There are other areas in which the benchmarks are unclear. What, for instance, should we believe about the proper constraints on free speech? Here we must feel our way, using Gandhi’s dictum and recognizing the various others who are affected by our speech. And in feeling our way, we recognize that we often fail. Perhaps this is why believing in absolute freedom is so tempting — if we follow that path, we are always “right,” which is easy.

One of the authors, in designing the TV show “The Good Place,” came to the conclusion that a key ethical concept is that of trying. (Which author this was — the professional TV show runner or the other guy — we will leave as an exercise for the reader.) We try to believe rightly about choices and actions that affect other people. Then, when we fail, we try to do better. It’s not as easy a path, but it’s certainly a more compassionate one, and importantly a more human one.

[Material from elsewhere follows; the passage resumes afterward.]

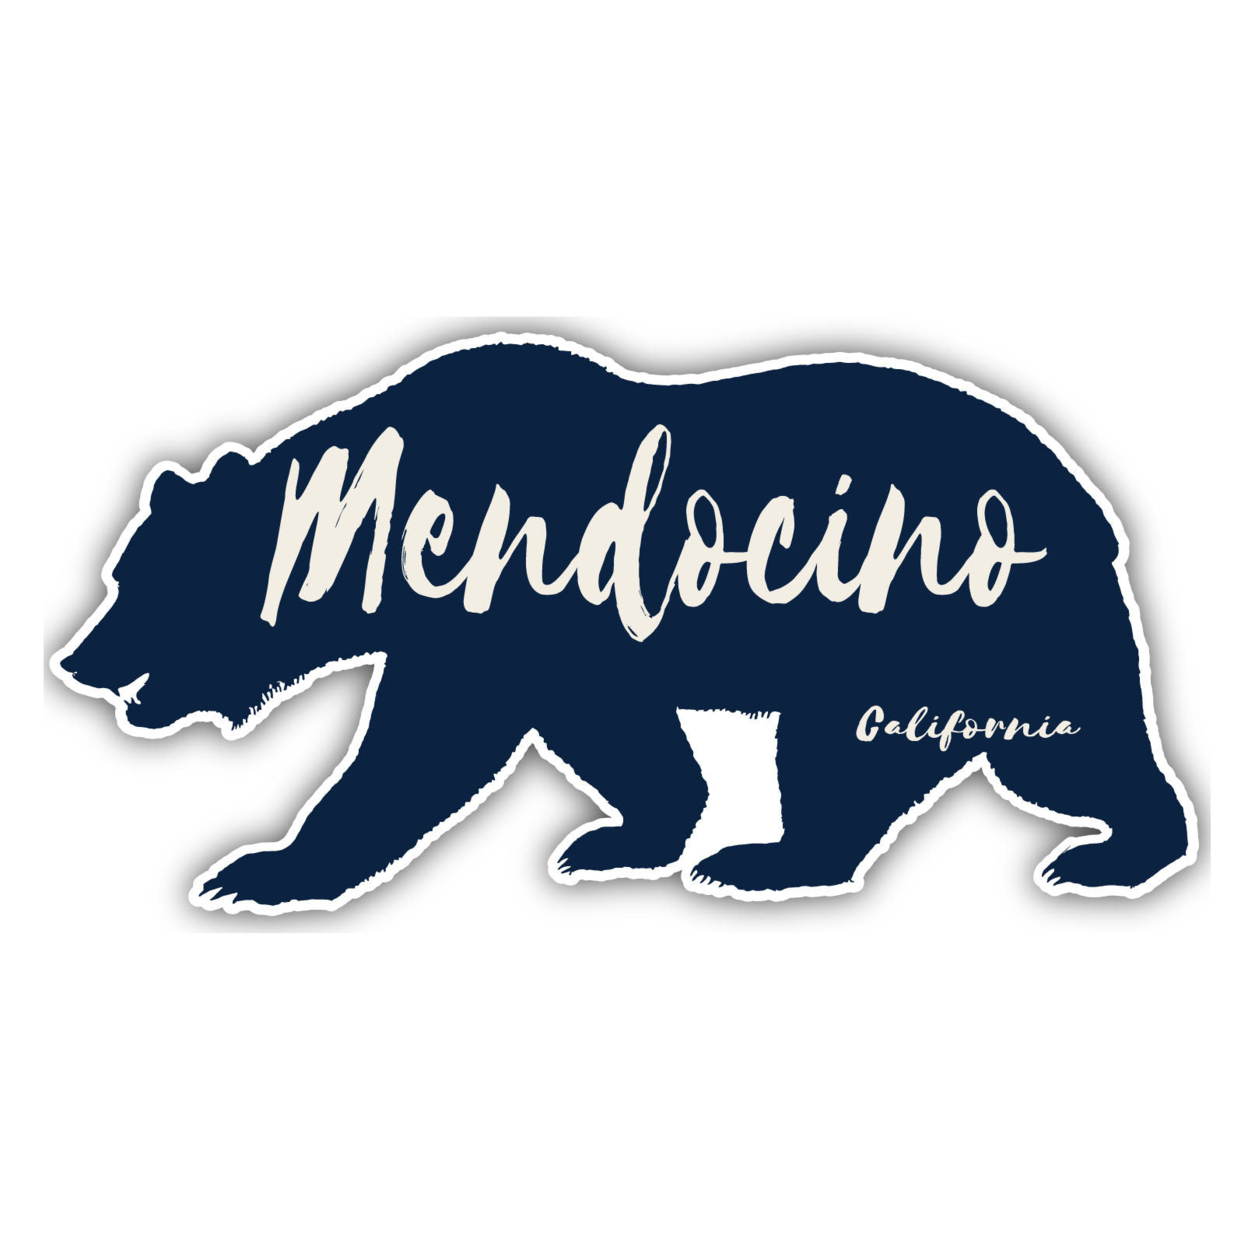 Mendocino California Souvenir Decorative Stickers (Choose Theme And Size) - 4-Inch, Bear
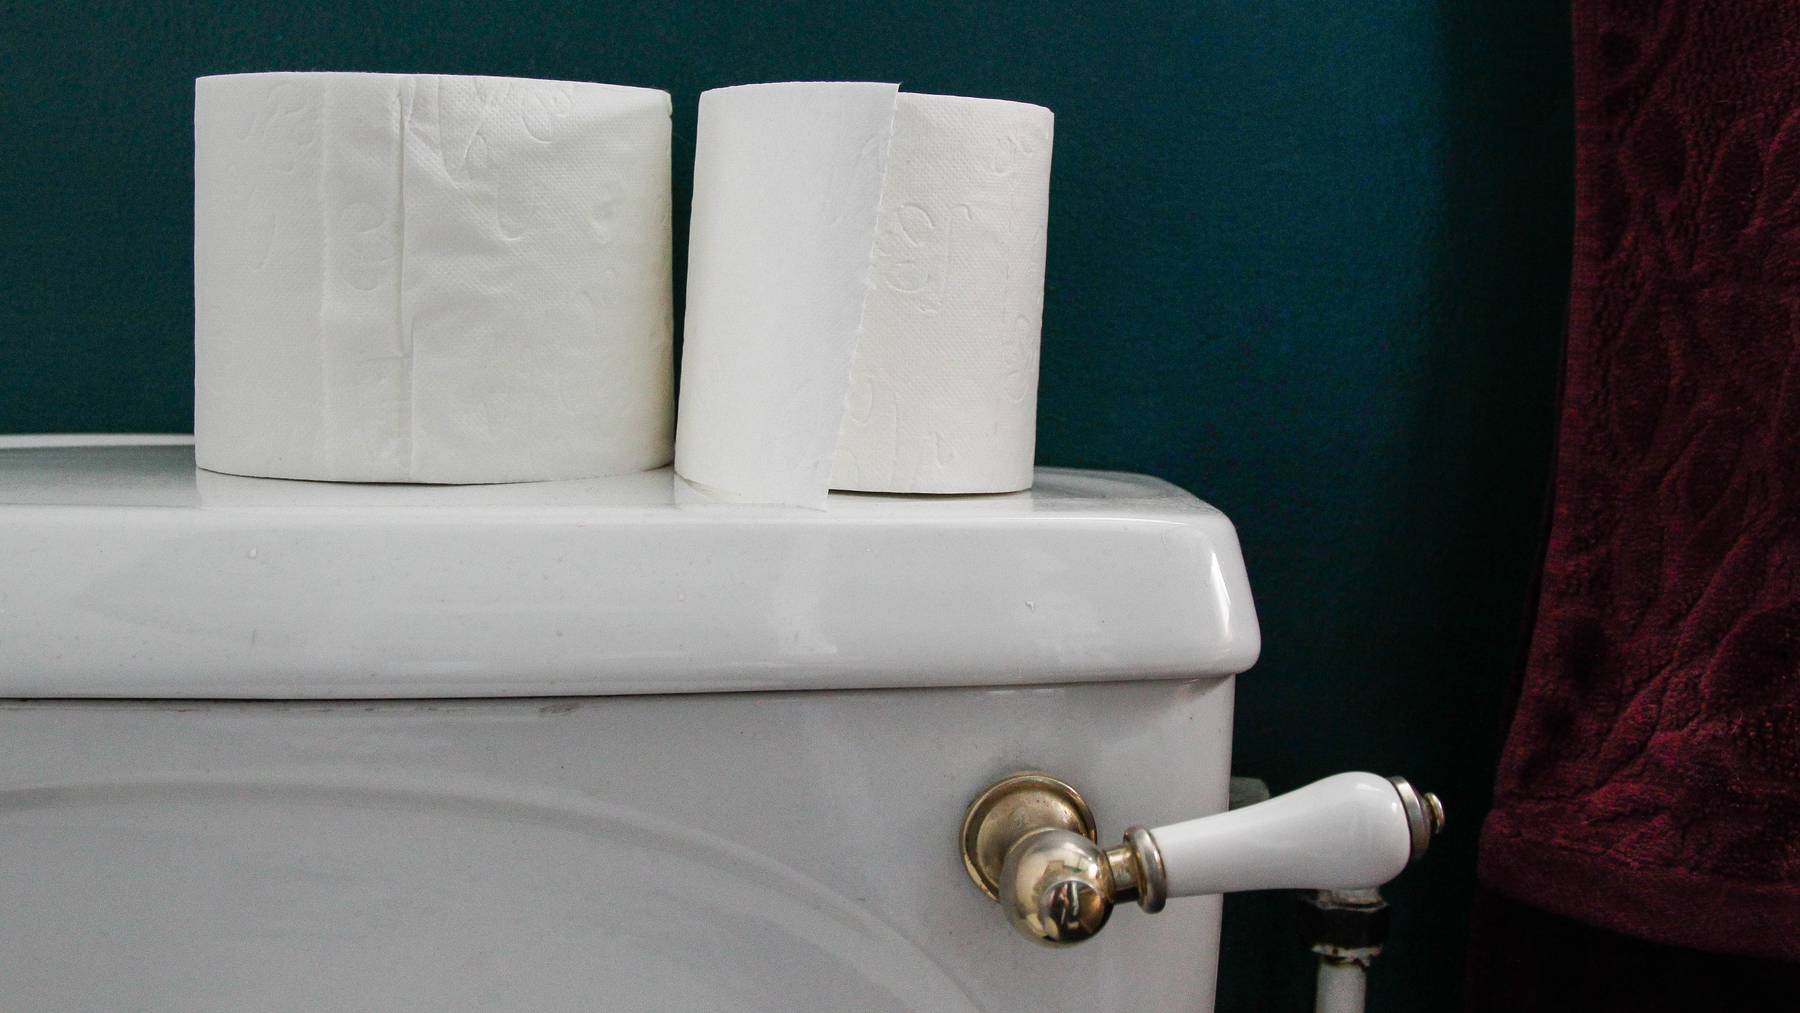 Sollen Toiletten in den Restaurants gratis sein?

This is what we think of as our ur-belief: Before we decide what to believe, we have to believe that other people matter. If we act with this obligation in mind and we fail to get it right, then we have to reconsider, learn more, aim to improve and try again. Our inevitable failures will mean more, and be more productive, if they are grounded in what we might simply call “consideration for other people” — the notion that there are people around us who are affected, directly and indirectly, by so much of what we believe and say and do.

Conversely, if we act only out of a sense of unlimited personal freedom, our failures will mean nothing. The refusal to recognize that we have obligations to others and that our beliefs and our behavior should respond to that recognition, is one we allow ourselves at our peril.